Dirty track???????????? I find it incredible that anyone could have dirty track. After all there is a thread almost every week, on one Forum or another, about how to clean track. /DesktopModules/NTForums/themes/mls/emoticons/laugh.gif


----------



## joe rusz (Jan 3, 2008)

A neat caboose and a must have for sure, but I still would have preferred that side-door crummy Bachmann built as a prototype a few years ago.


----------



## JoelB (Jan 3, 2008)

I think that the Mallet is based on Clemons Logging (later Weyerhauser) No. 7, built in 1925. There are a few details not exactly as it ran in Washington, but the proportions are correct. 

But that engine was standard gauge -- is Bachmann marketing this model as narrow gauge??


----------



## Dougald (Jan 2, 2008)

Joel 

B'mann is indeed marketing the mallet as a narrow gauge loco. B'mann has declared it a model of a loco Baldwin proposed to the Biles-Coleman Lumber Co - the loco was never built. 
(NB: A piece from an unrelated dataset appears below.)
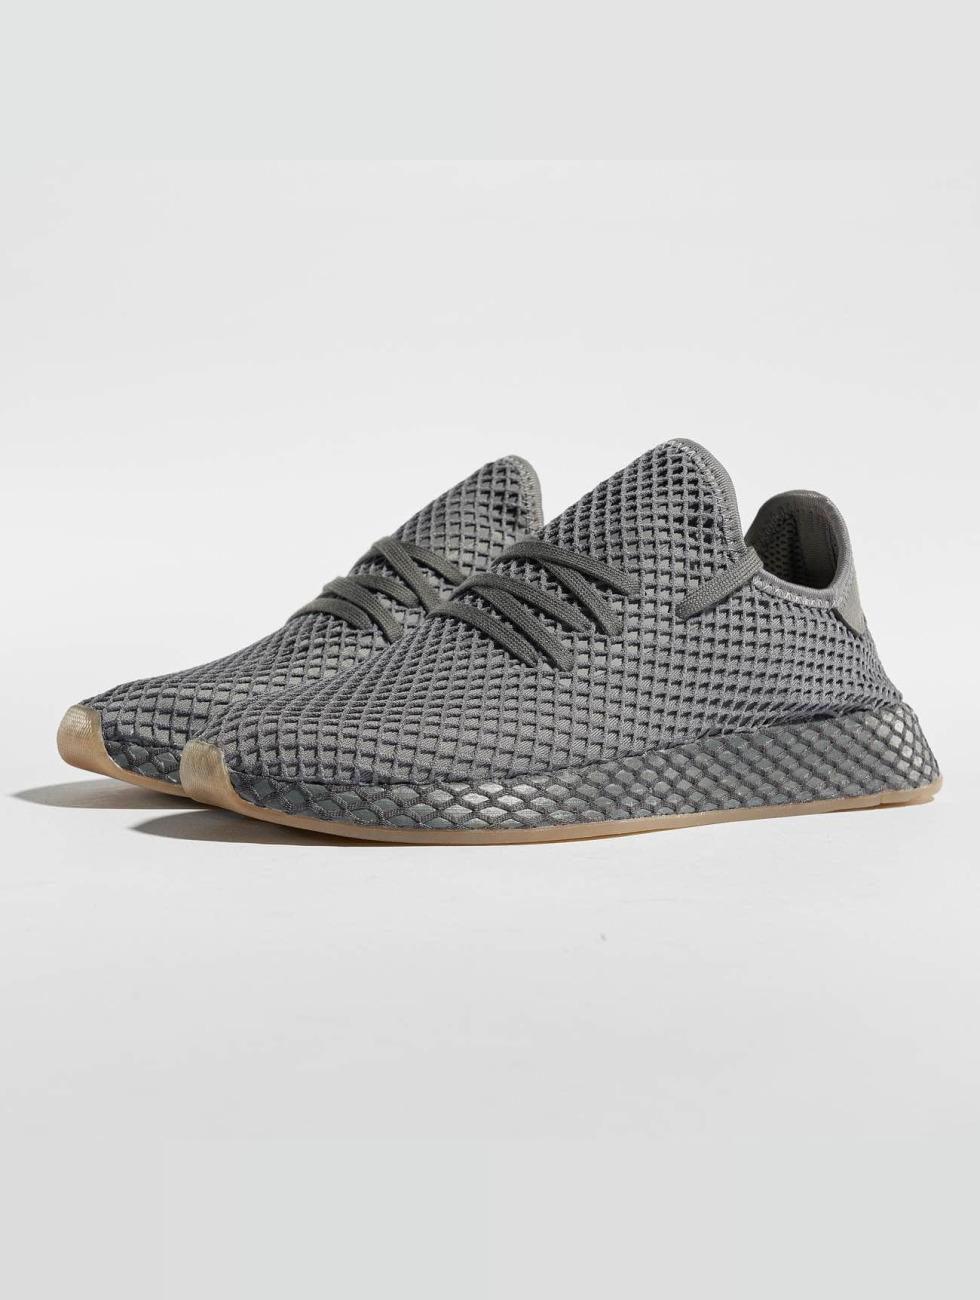 Adidas Originals Pattino / Sneaker Corridore Deerupt In Grigio 409 941 aTGnV9WVp

Various pics and drawings exist of the proposed prototype. It was a catalog loco and various versions were sold to standard gauge roads. 

Regards ... Doug


----------



## rgolding (Jan 2, 2008)

So that makes it fit both a narrow gauge anf standard gauge format. Much like the 45 tonner.


----------



## SlateCreek (Jan 2, 2008)

The Baldwin proposal document says (among other things) that this 36" gauge 2-6-6-2 would be built "similar to" Weyerhauser/Rayonier #110. As such, it would have a family resemblance, of sorts, to that locomotive vis a vis outline, arrangement of features, split saddle tanks, and other features. The measurements in the plan, however, make it very much a narrow gauge locomotive, with respect to spacing, frame size, and profile. It's not just a standard gauge locomotive with the gauge pinched to fit 3' gauge track. 

HOWEVER 

Since the Biles-Coleman locomotive was never actually built, chances are it will greatly resemble the surviving Rayonier 110 in many respects, as just as its prototype would have been, it will likely be "based on" or "similar to" what the designers can see when they look at it. 

Matthew (OV)


----------